Okay, I keep getting confused by the Celsius vs Fahrenheit thing, reading everyone else's posts. Either way it sounds like maybe the dogs will let us know what they can handle right? I took Ralph to the dog park today, and at about 7F (about -14C) with the wind, no dog had on a sweater  the booties make sense for salt though.


----------



## Luce (Mar 4, 2013)

I have disposable booties from Petsmart, Top Paw. I put them on Luce last night for our walk, she did OK getting them on, and was excited! When we got outside she was romping around and I could hardly contain her lol. Not sure if she was excited to get out, wear the booties or both. One fell off withing a few minutes (found it this morning) but the others stayed on. I don't think she cared if they were on or not since it was in the 30's, I felt it was a good time to start accustoming her to wearing them. She showed no signs of being cold.


----------



## CharismaticMillie (Jun 16, 2010)

Ralphie said:


> This is my first winter with a dog and I live in mn. It is already in the 20-30 degree range here. When is it too cold? Do jackets really help or are they just cute? And what about booties? I can't imagine Ralph leaving those on, but are they necessary in icy/salty sidewalk conditions?


Poodles love the cold!


----------



## Specman (Jun 14, 2012)

Booties can be a pain to keep on! I started out with black ones on Max which was a mistake as I could not tell if they were on or off in the snow. I switched to red which should be much easier to see. I also agree with Minipoo, put the booties on last thing out the door. Max does not mind at all. 

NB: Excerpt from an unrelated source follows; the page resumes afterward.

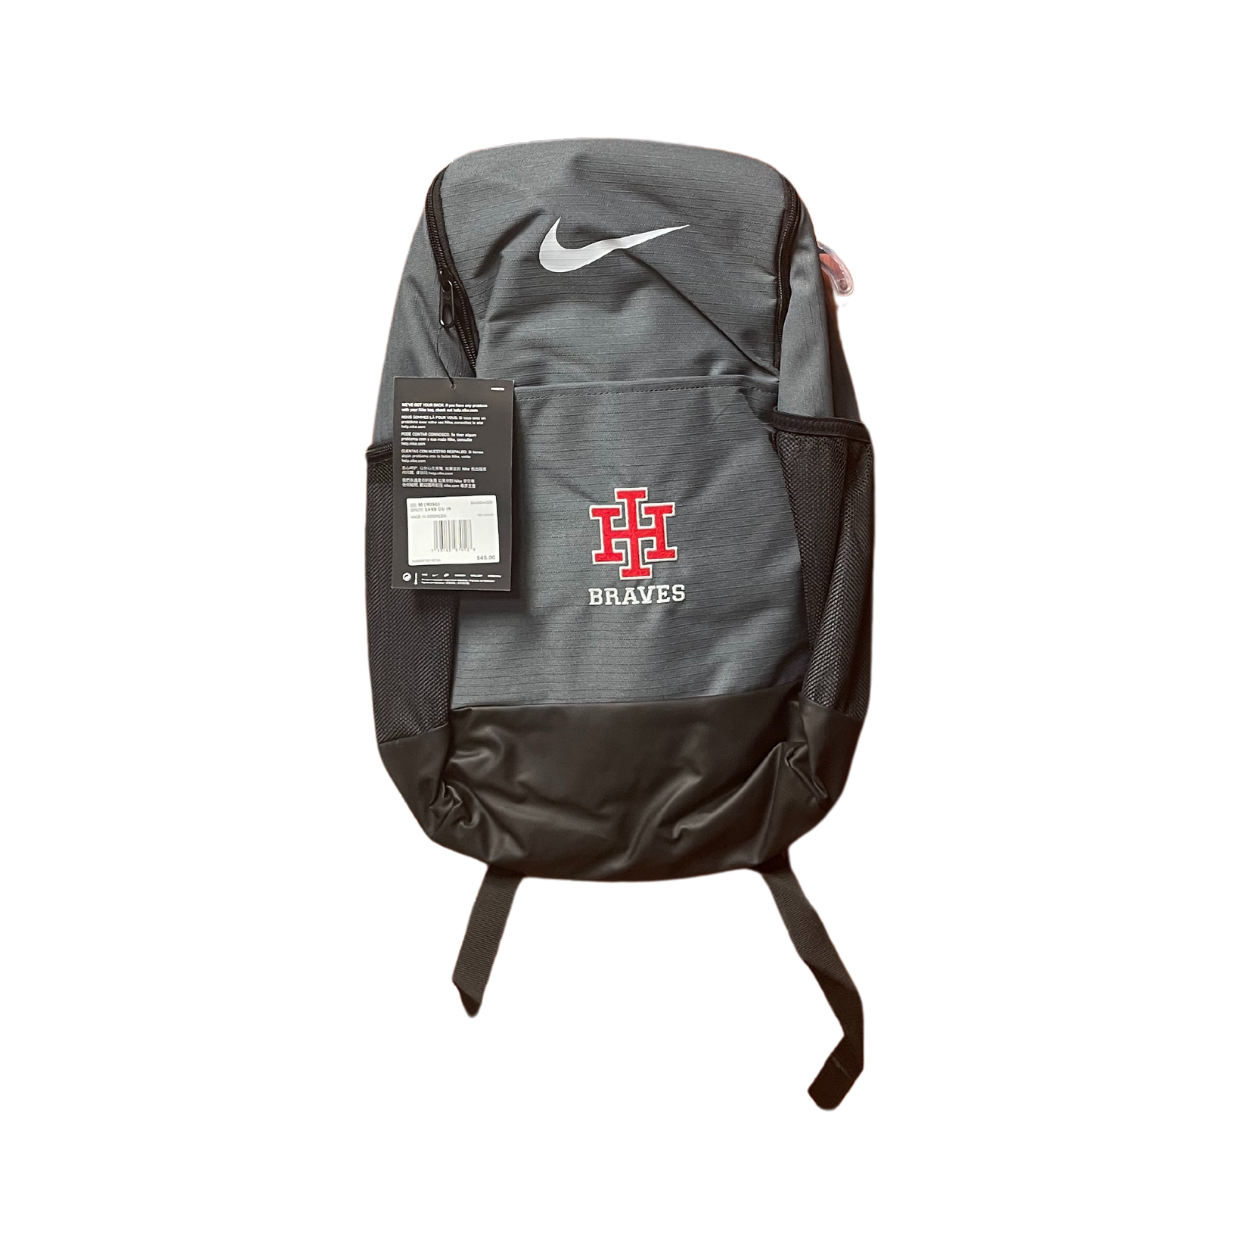 Nike Brasilia Backpack - Flint Grey

I also read in the AKC magazine about using "Bag Balm" their pads in the winter to provide some relief from the winter conditions.


----------



## ApricotsRock (Jan 10, 2014)

I can't believe all the cold temps out there. Oh well, we are getting snow tonight so I guess it is the season. Sigh.

Rookie hates the cold. Does his stuff and right back in the house. We do a LOT of indoor play in the winter.

Previous poodles loved the snow. More to roll in. 

Just keep on eye on you pup and let him be the boss on that one.


----------



## SteviM95 (Jul 9, 2014)

One of my absolute favorite memories of my mini-poo Molly was how I would put her boots on to see how fast she could get them off. She would jump up really high and send them flying in all directions at once. It cracked me up. But she didn't need alot of exercise, and she was small. As soon as she stopped moving fast I picked her up and put her inside my coat.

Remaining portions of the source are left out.